As seen in Table 3, the training and tesing data both fit the model well (Adjusted R-squareds >= .76). Given the small absolute amount of fuel usages per trip, b coefficients are difficult to interpret. However, t statistics provide a measure of the strength of the effects and the p values indicate whether each effect was statistically significant. The following is an interpretation of coefficients for the tesing model:
- Higher vehicle speed (kpmh) predicts significantly greater fuel usage; this is a strong predictor
- Higher ambient air temperature (celsius) significantly predicts less fuel usage; this is a relatively weak predictor
- As elevation level rises (altitude_delta), fuel usage also rises significantly
- As g net gravity increases (g_force), fuel usage also increses; this is a relatively weak predictor
- More kilometers per liter (kml) are associated with less fuel usage
- Outdoor weather (weather_type) does not reliably predict fuel usage
- Whether a vehicle is a SUV versus Sedan (vehicle_type) does not reliably predict fuel usage
Table 3. Fit statistics and Coefficients for Testing Versus Training Regression Models
In the future, I would like to anlayze telemetric data for electric vehicles to gauge battery efficieny. My personal experience with electric vehicles is that battery life degrades quickly in cold weather and at high speeds. I wonder what other telemetrics can address this type of research question.
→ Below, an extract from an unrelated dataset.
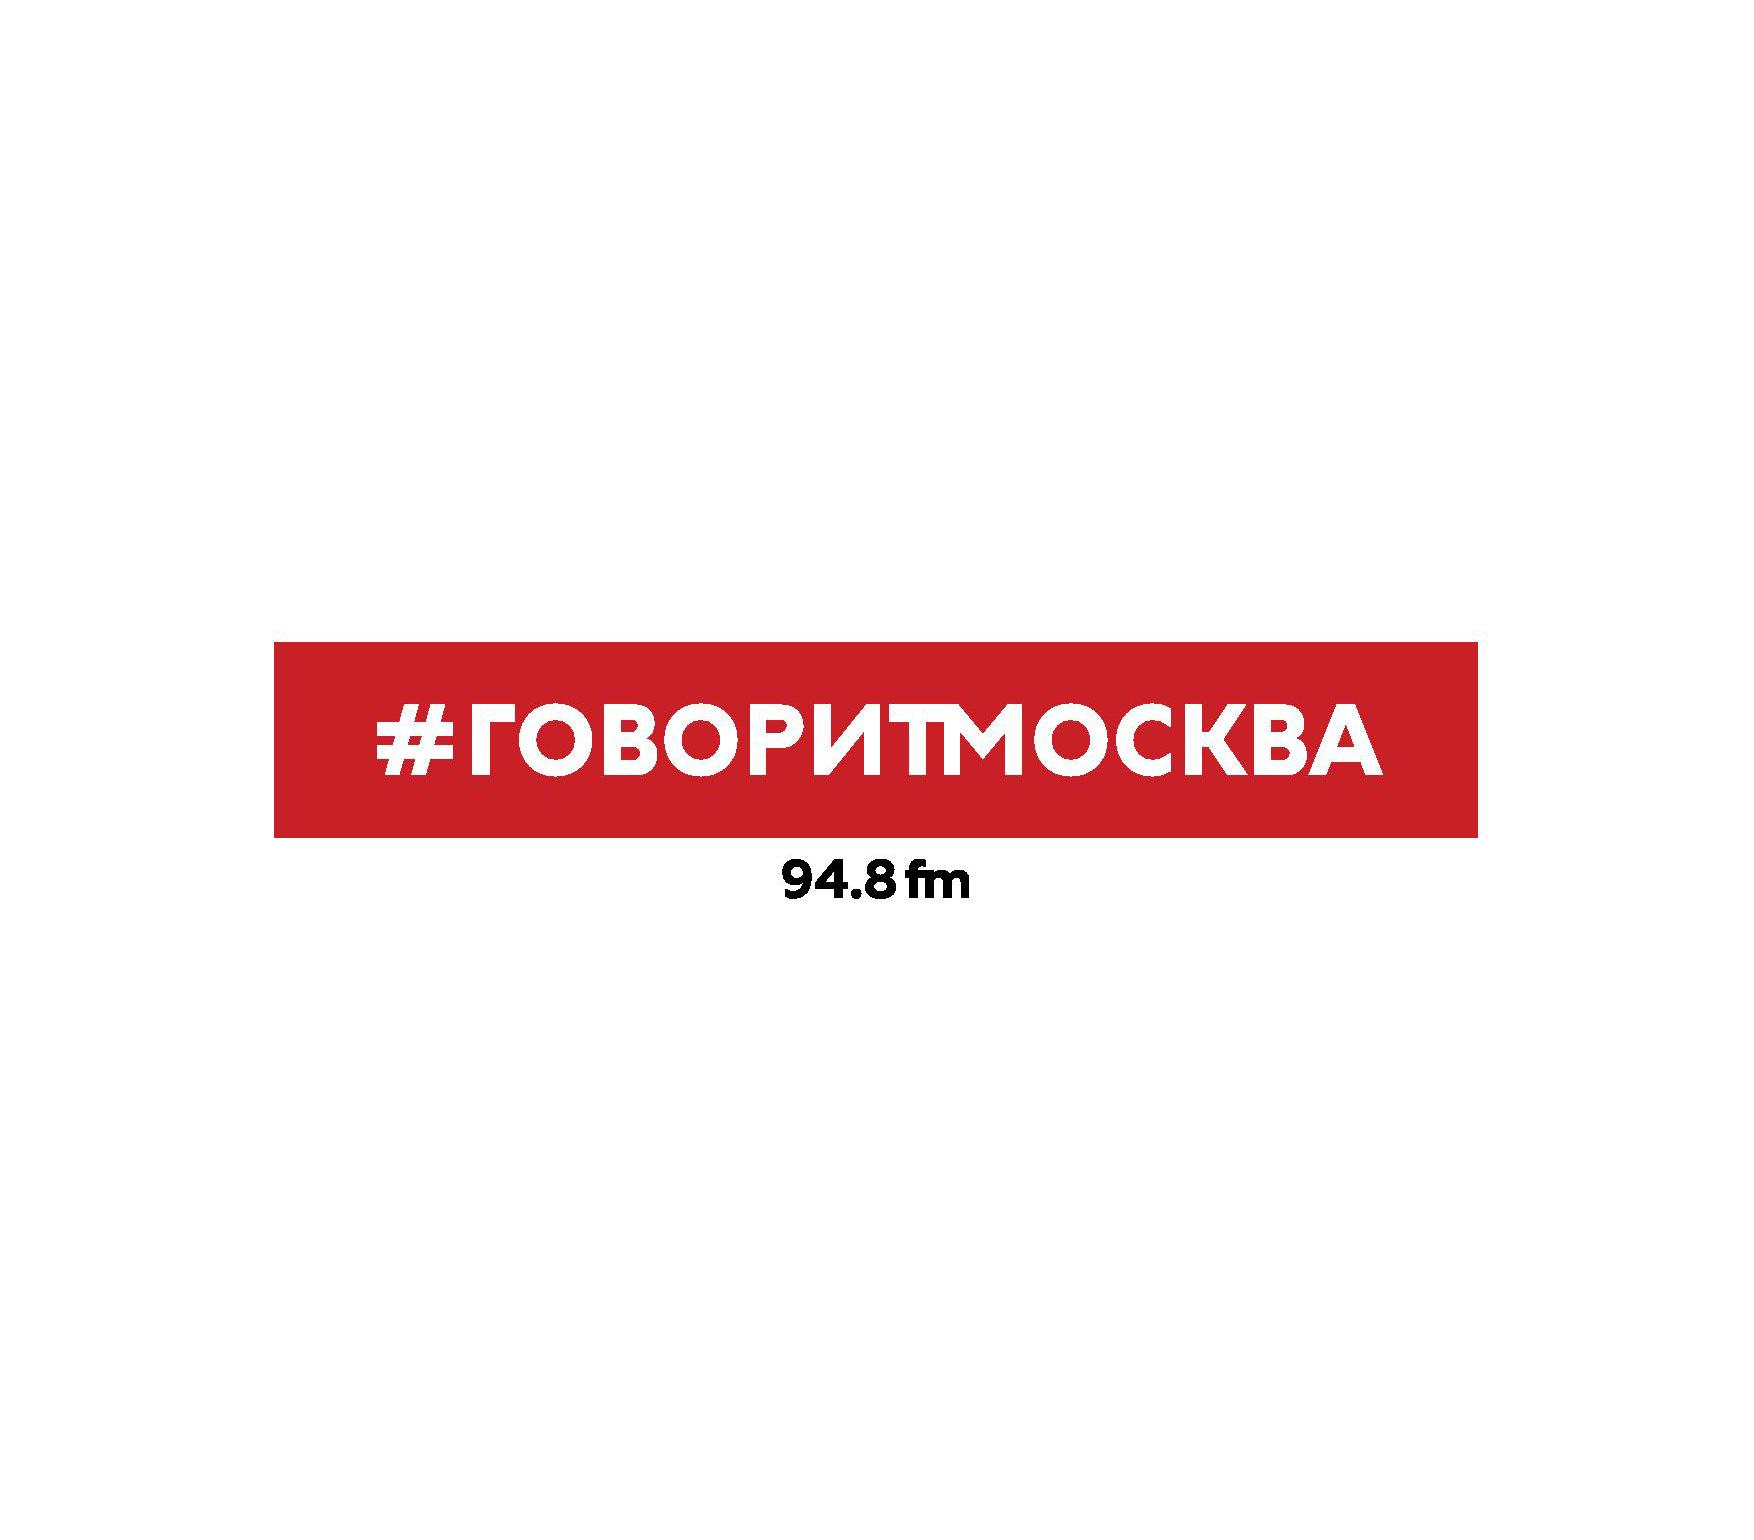 Макс Челноков 21 апреля. Михаил Веллер михаил веллер перпендикуляр

It would also be interesting to compare fuel versus battery efficiency for gas-powered versus electric vehicles in terms of financial cost. For instance, given the same distance traveled, same altitude change, etc, which car is more expensive to drive (i.e., cost of fuel versus cost of electricty to charge battery)?
In summary, telemetrics provide an exciting data source that can address practical research questions for the fleet industry.